## SUPPLIED DATA
****

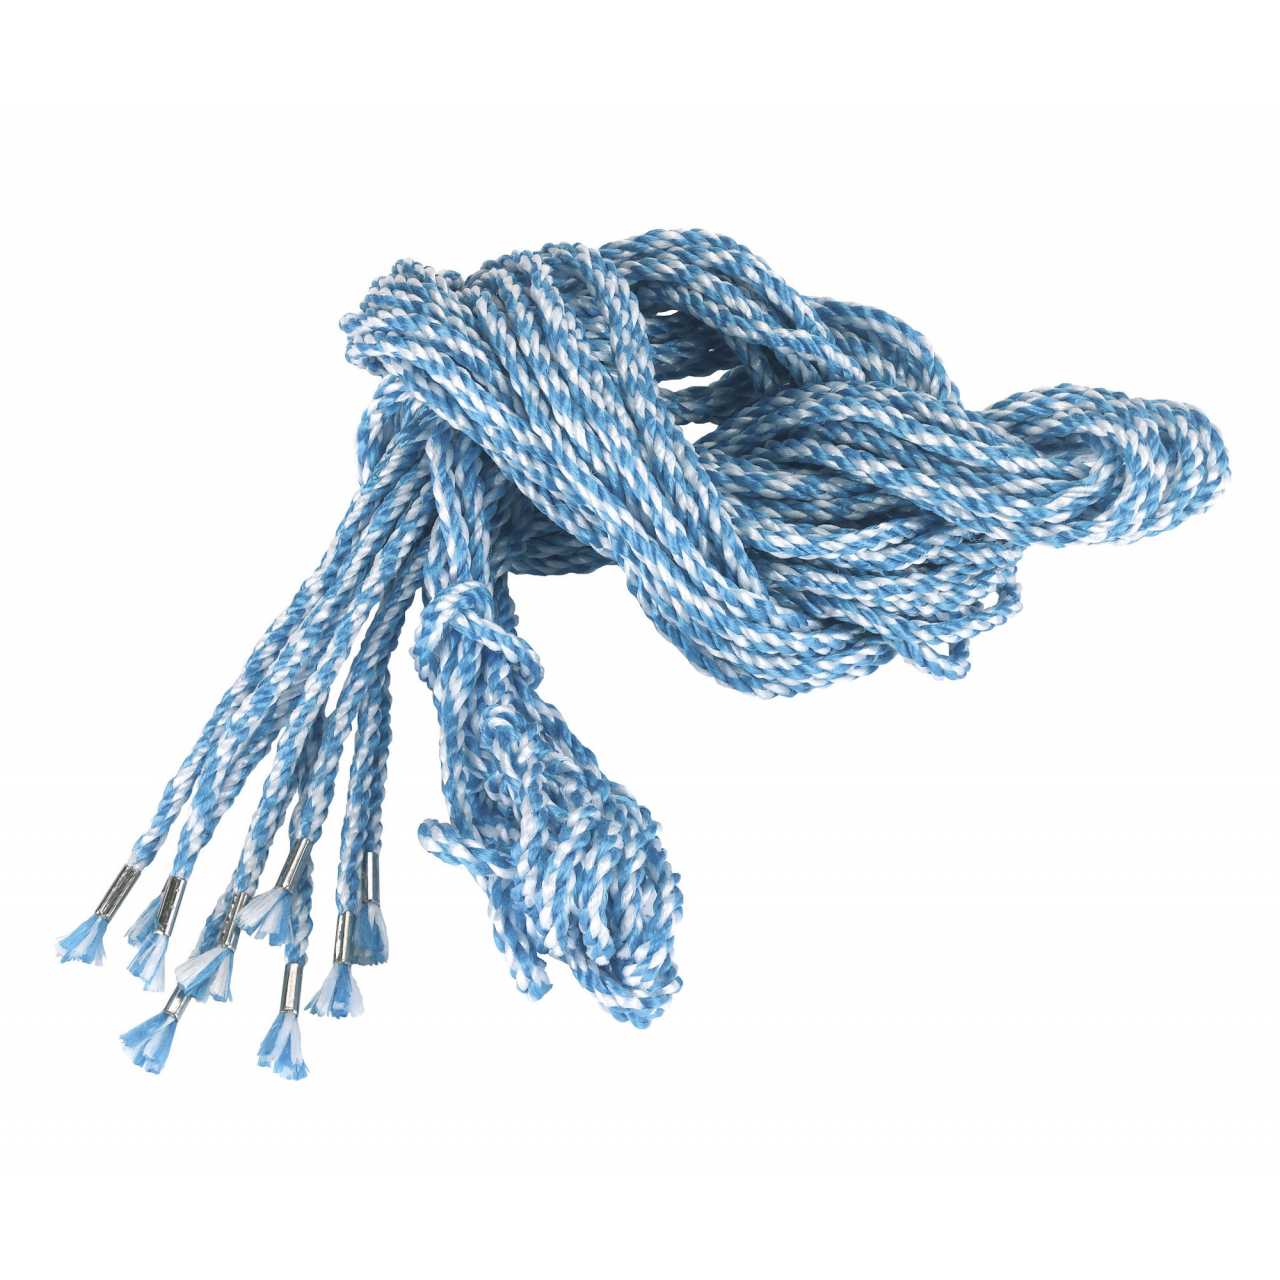 Állás kötél - kék/fehér, 2,5m, 10 db
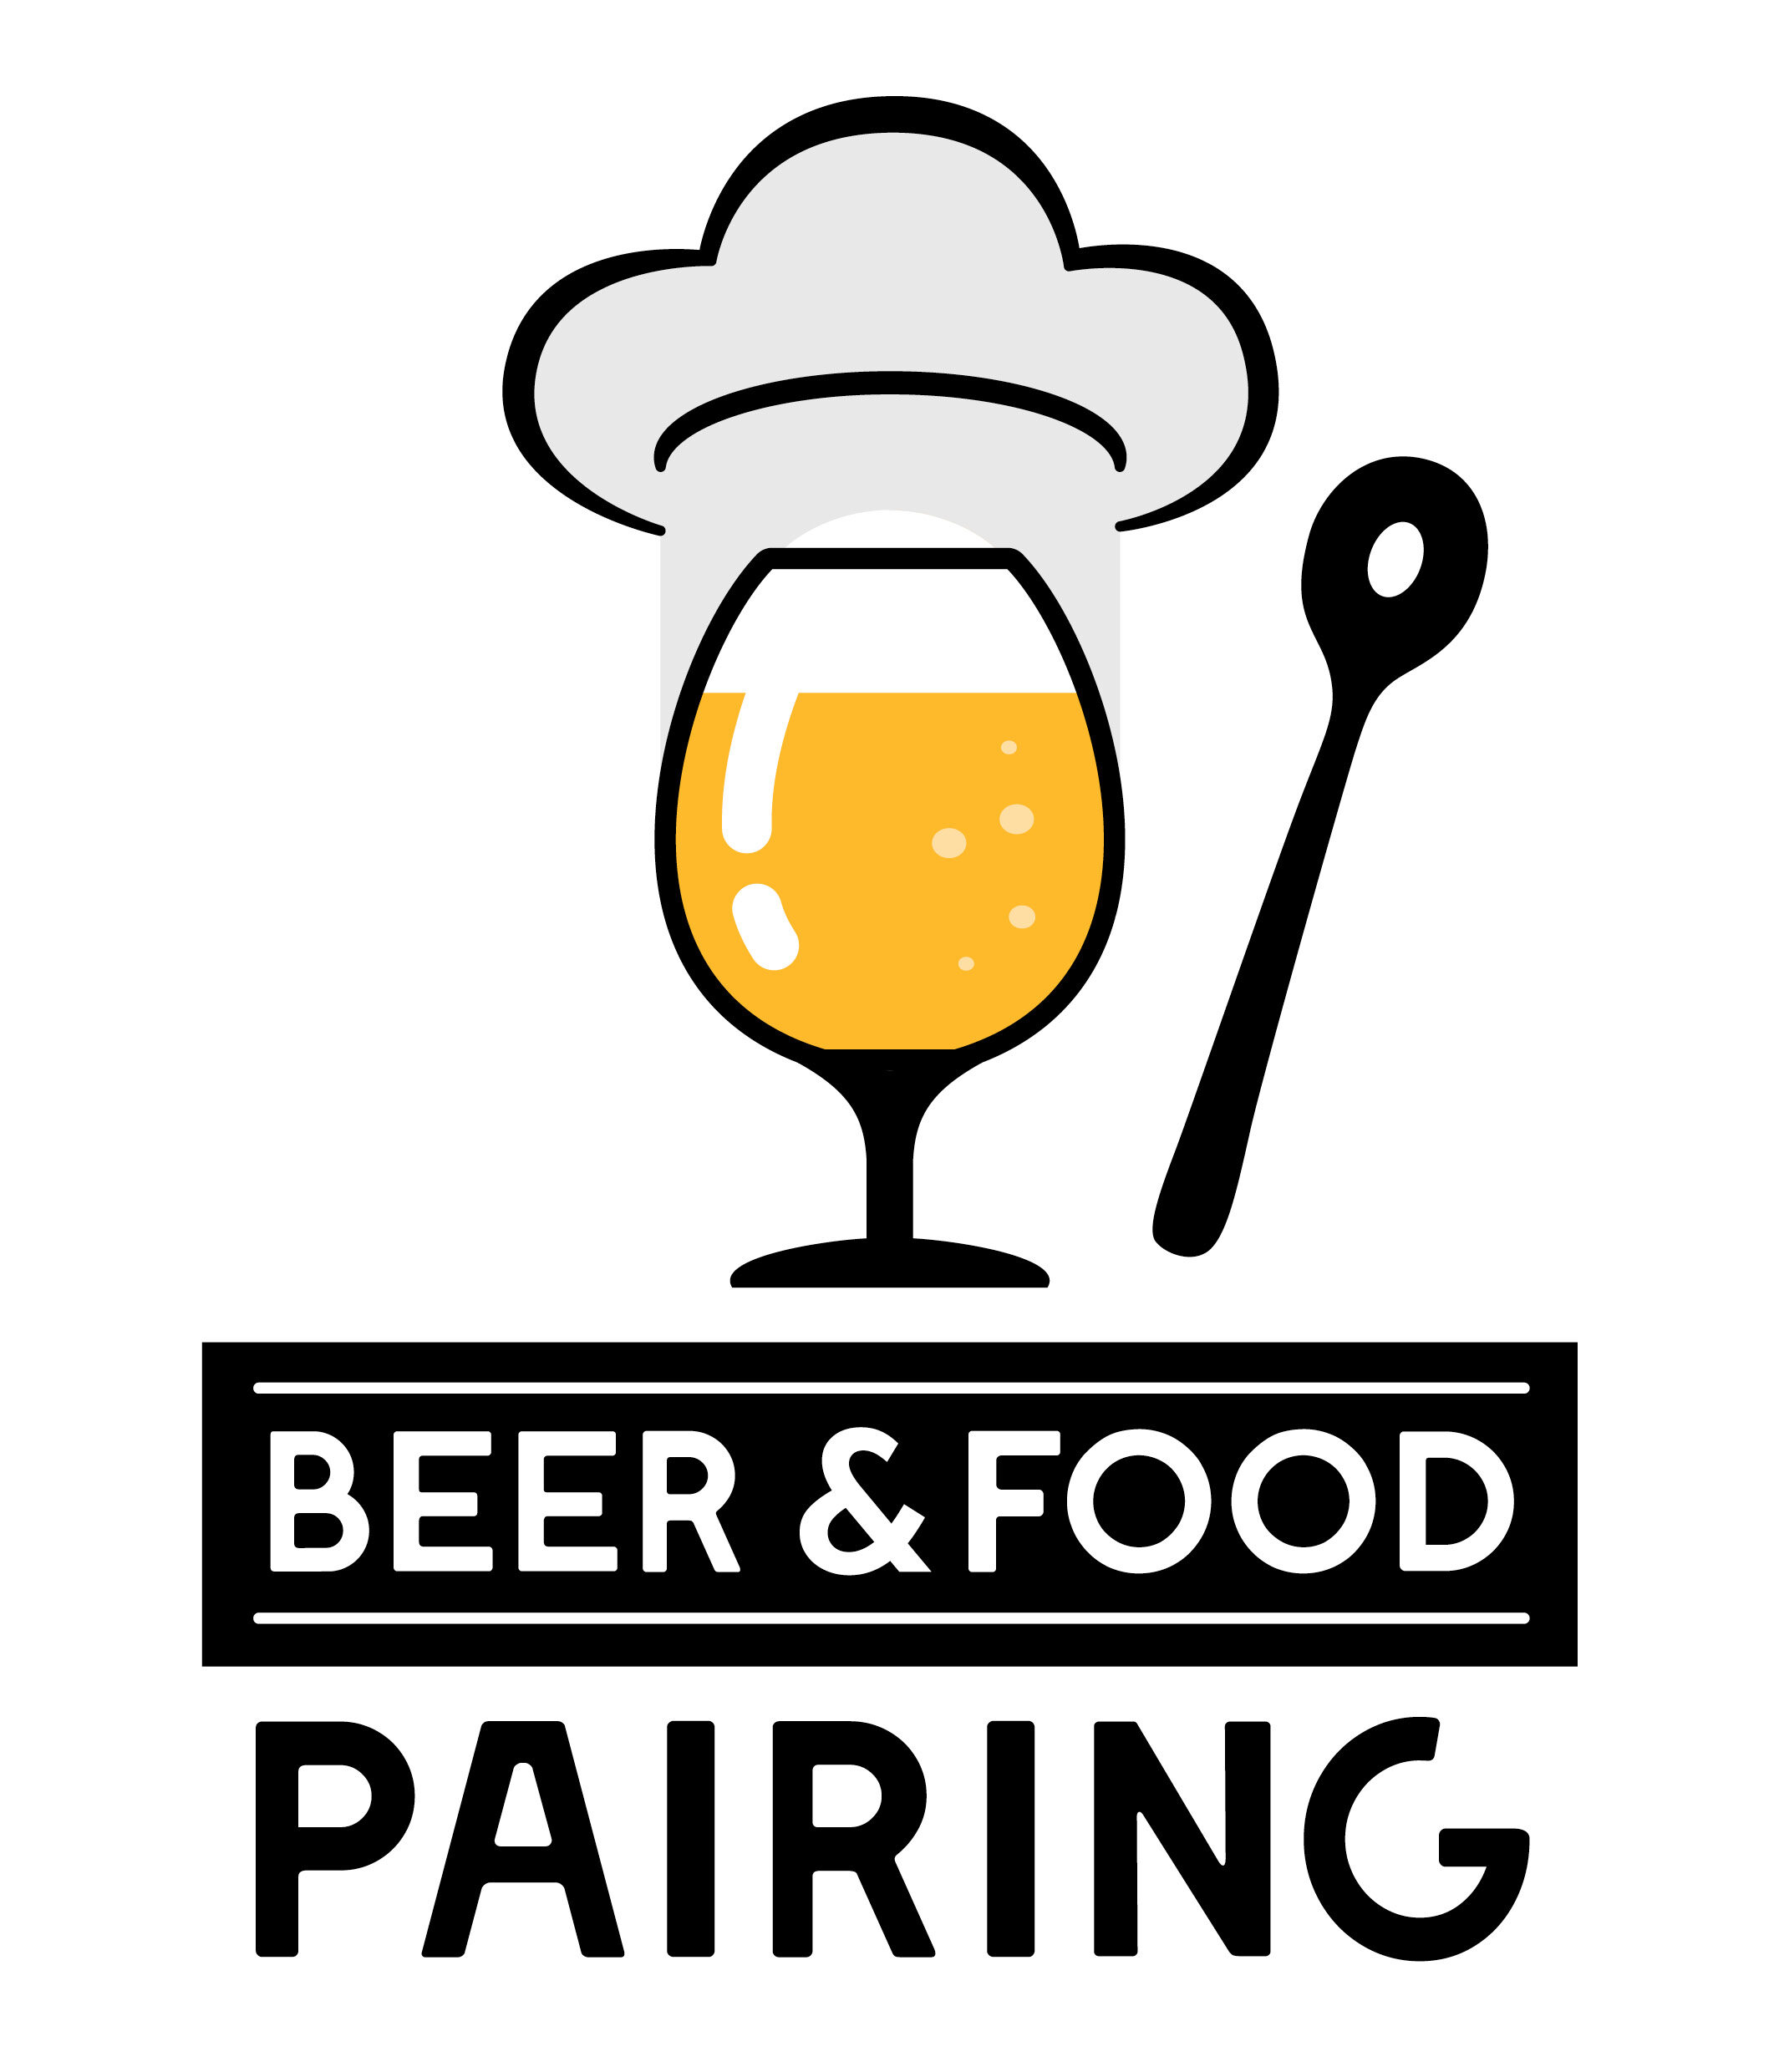 Beer & Food Pairing
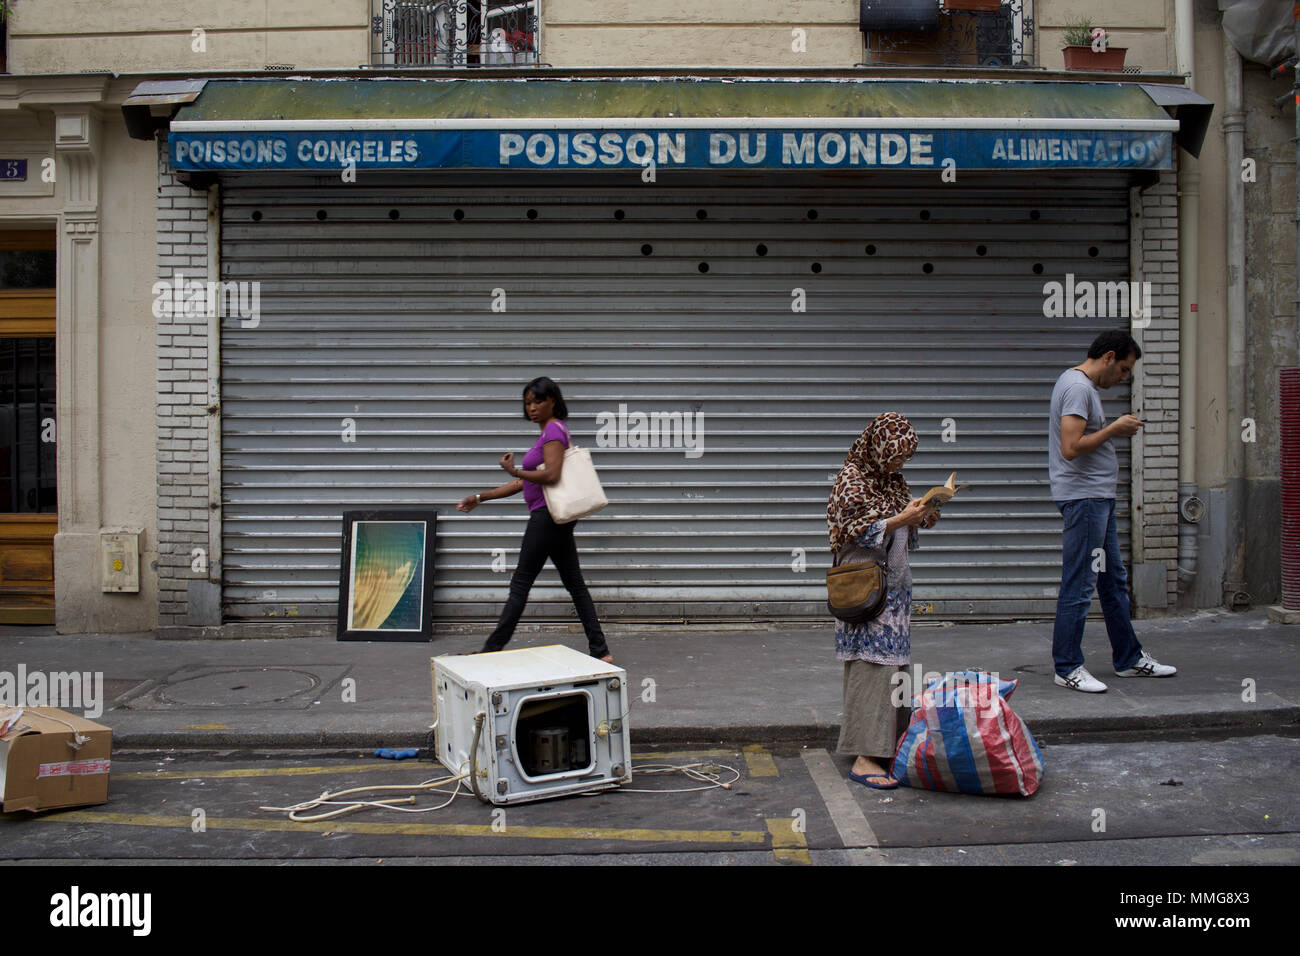 Woman in headscarf finds book among rubbish, Poisson du Monde, Rue de Suez, Goutte d'Or, Paris, France Stock Photo

****

## TASK INSTRUCTIONS
Output the material word for word, and keep the pictures out.

## RESPONSE BOX
 Állás kötél - kék/fehér, 2,5m, 10 db
 Beer & Food Pairing
 Woman in headscarf finds book among rubbish, Poisson du Monde, Rue de Suez, Goutte d'Or, Paris, France Stock Photo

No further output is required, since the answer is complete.